Retrieve IPEDS data by establishing which data files are required for filtering (if included) and those required for selected variables.
Arguments
- ipedscall
Current list of parameters carried forward from prior functions in the chain (ignore)
- bind
Row bind all same name survey files (e.g., HD2022 and HD2023)
- join
Join different name survey files by UNITID and year. If
bind = FALSE
, thenjoin
will be set toFALSE
and the function argument ignored.
Value
Depending on argument combination, the chain will return one of the following objects:
bind = FALSE, join = FALSE
: A list of files with no further processing (each unique complete data file required returned as a list item).bind = TRUE, join = FALSE
: A list of files in which like files (e.g., HD*, IC*) are row bound together but unjoined to unlike filesbind = TRUE, join = TRUE
: A data frame in which like files are bound and all are joined
Details
Notes on filters:
Filters will be attempted depending on how the user selects to return the
data.
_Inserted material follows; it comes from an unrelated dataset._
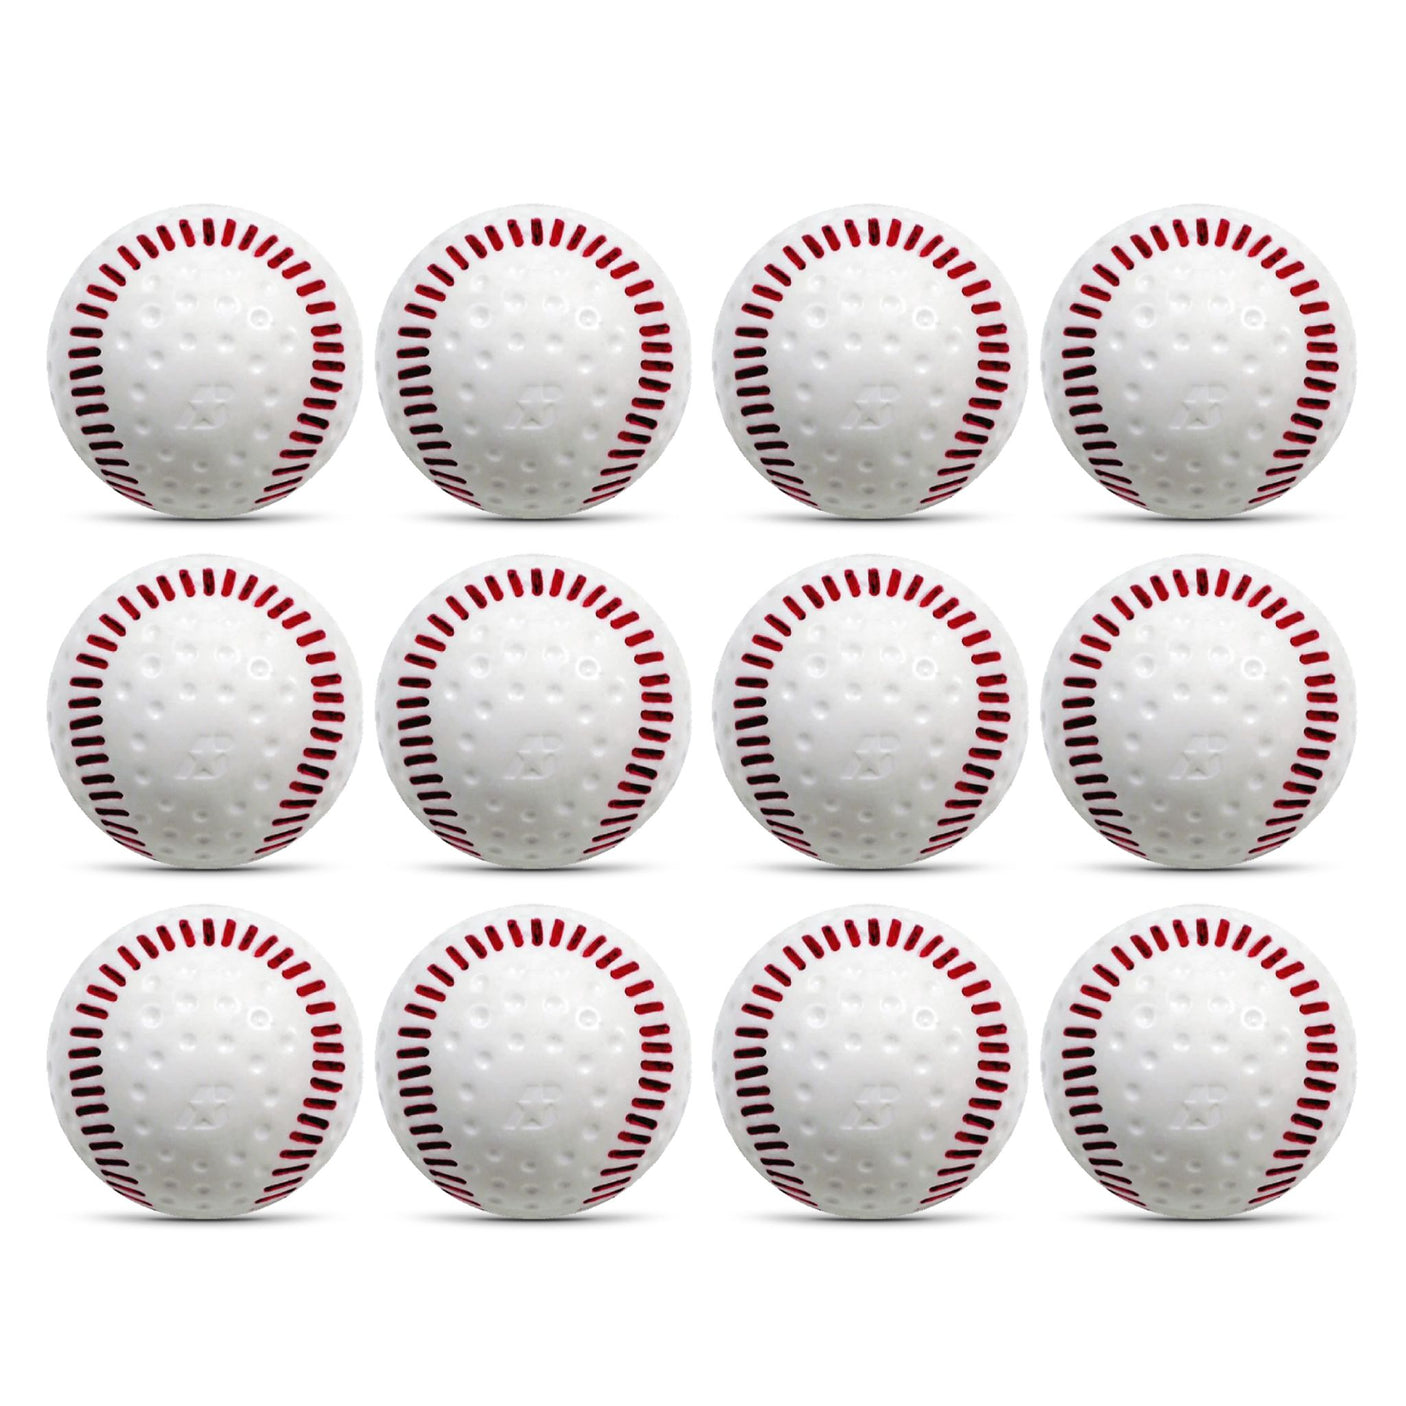 Axe Bomb Training Balls - (Softball or Baseball) 1 Dozen

By default (join = TRUE
), the complete filter will be applied to the
final joined data set.
When the user chooses only to bind like files (join = FALSE
) or return all
files separately (bind = FALSE
), attempts will be made to apply the filter
to the files to which they apply. This may be impossible if the filter is
complex, requiring consideration of variables across multiple files that the
user chose not to join. Users will receive a warning message in this
situation and the return of the unfiltered data files. In the situation in
which a filter applies only to one type of data file and works, but also
removes missing (NA
) values, other data files nominally unaffected by the
filter may also have rows removed if that institution had completely missing
data in the filtered file.
The more complicated the data call (many selected variables, many selected years, more complex filter), the longer the data request may take, particularly if downloading files, and the greater the likelihood of unexpected behavior with the join. Users may wish to break up large complex requests into multiple smaller requests or elect to return a list of unbound / unjoined data frames they can manipulate directly.